2. The application of the lactobacillus plantarum in preparing health-care food or medicine for preventing and assisting in treating stomach deficiency-cold.
3. A health food or medicine for preventing and adjuvant treating stomach deficiency cold comprises the lactobacillus plantarum.
4. A fruit granule flavored fermented milk comprising the aforementioned lactobacillus plantarum.

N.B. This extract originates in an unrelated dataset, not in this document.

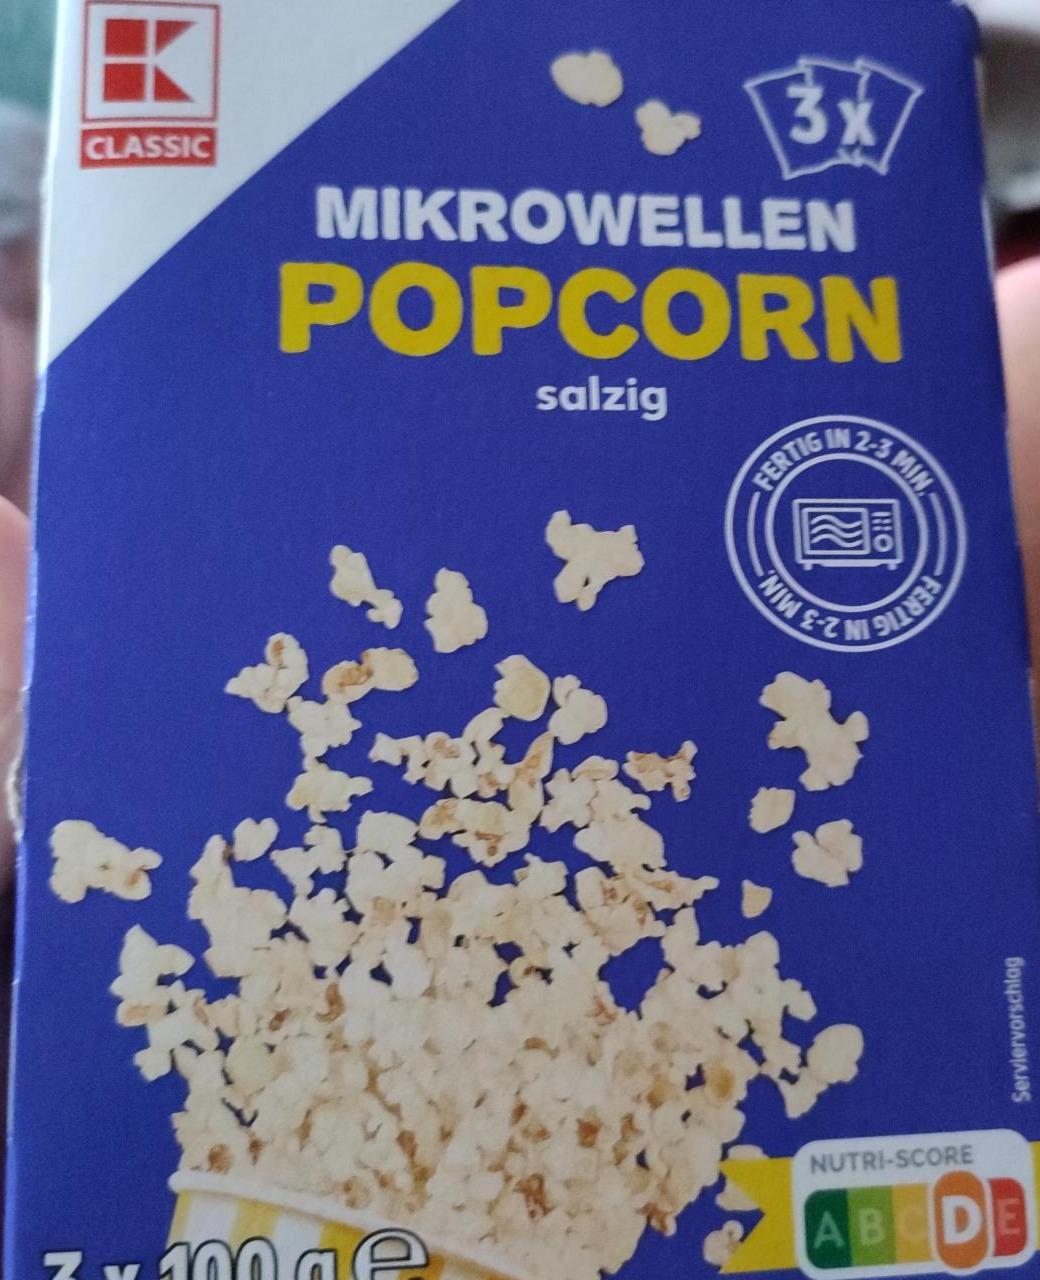 Fotografie - Mikrowellen Popcorn salzig K-Classic

Preferably, the fruit granule flavored fermented milk is prepared by mixing the following components in parts by weight: 70-75 parts of pure milk, 5-10 parts of papaya pulp, 5-10 parts of oatmeal, 6-8 parts of white granulated sugar, 1-2 parts of whey protein powder, 1-2 parts of yeast extract, 231-2 parts of lactobacillus plantarum LP, 0.2-0.4 part of propylene glycol alginate and 0.05-0.15 part of pectin, wherein the viable count of lactobacillus plantarum LP23 is 1.0X10 8 CFU/ml。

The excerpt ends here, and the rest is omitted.